Come riporta SF Gate, la cancellazione del Ratebeer Best preoccupa soprattutto i commercianti di Santa Rosa e in particolare quelli legati alla ristorazione e all’ospitalità, a cui il festival negli anni passati aveva garantito un buon giro d’affari in un periodo (gennaio) piuttosto piatto. Per sopperire a questa mancanza, l’ente del turismo locale sta addirittura pensando di organizzare un evento birrario in autonomia, ma difficilmente sarà realizzabile o comunque capace di replicare i successi dell’iniziativa di Ratebeer.
Molti appassionati di birra artigianale leggeranno nell’intera vicenda una dolce morale: se decidi di vendere all’industria, sappi che non sempre otterrai vantaggi per la tua azienda. Il caso di Ratebeer è emblematico perché avvenuto molto rapidamente: la cessione delle quote ad Ab Inbev ha alimentato l’ostilità della comunità birraria, costringendo l’azienda a cancellare addirittura il suo importante festival. L’opposizione della comunità della birra craft ha permesso che un evento di grandissimo successo, capace di richiamare appassionati da tutto il mondo, fosse eliminato dal calendario del 2018 per timore di ulteriori ritorsioni. Un episodio di causa-effetto che apparentemente restituisce agli appassionati un potere enorme sulle possibilità di difesa del loro ambiente.
Se però pensate che una simile vicenda possa applicarsi anche al mondo della produzione della birra, beh sappiate che non è così facile.

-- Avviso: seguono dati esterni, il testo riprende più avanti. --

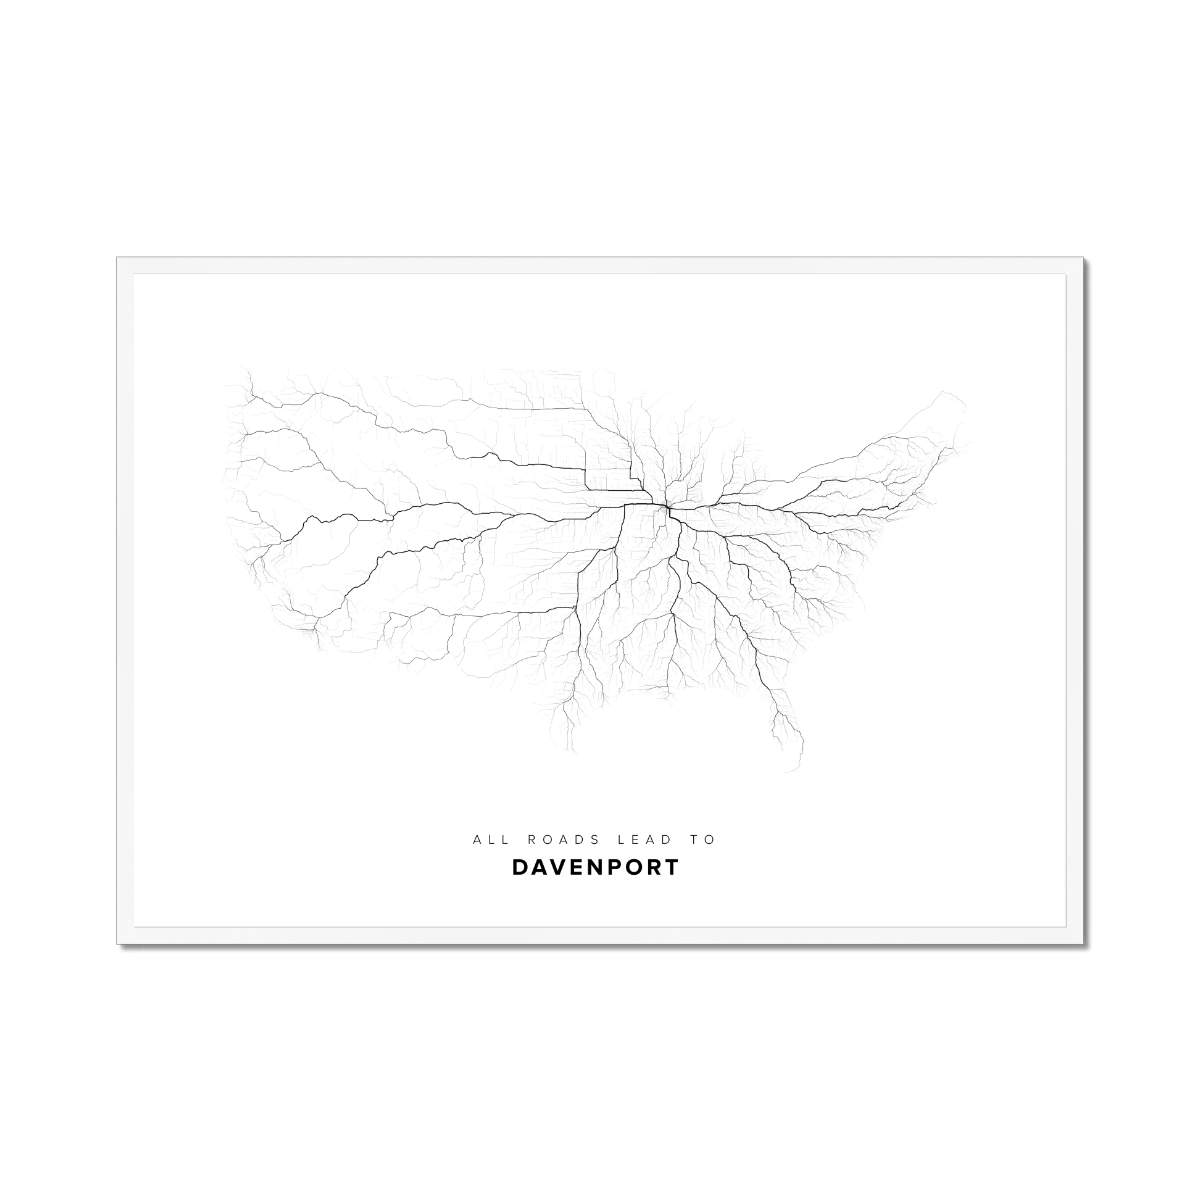 All roads lead to Davenport (United States of America) Fine Art Map Print

Probabilmente tra qualche anno scopriremo che i birrifici craft che hanno venduto all’industria si sono bruciati una fetta consistente di clientela, e per di più decisiva per i propri destini. Al momento però non possiamo che sottolineare la differenza tra il pubblico di Ratebeer e quello dei produttori di birra artigianale: nel primo caso, nonostante gli utenti siano milioni, lo zoccolo duro è costituito da molti beer geek decisamente sensibili alle questioni di indipendenza; nel secondo, invece, il grosso della clientela è composto da bevitori profani, assolutamente all’oscuro delle dinamiche del mercato. A giocare un ruolo importante è semmai la comunità dei birrai, che negli USA solitamente non si fa problemi a prendere delle posizioni chiare, compatte e, soprattutto, uniformi.
Per concludere vale la pena porsi un’ultima domanda: la scelta di annullare il Ratebeer Best è stata compiuta autonomamente da Tucker o imposta da AB Inbev? Lascio a voi il compito di trovare la risposta.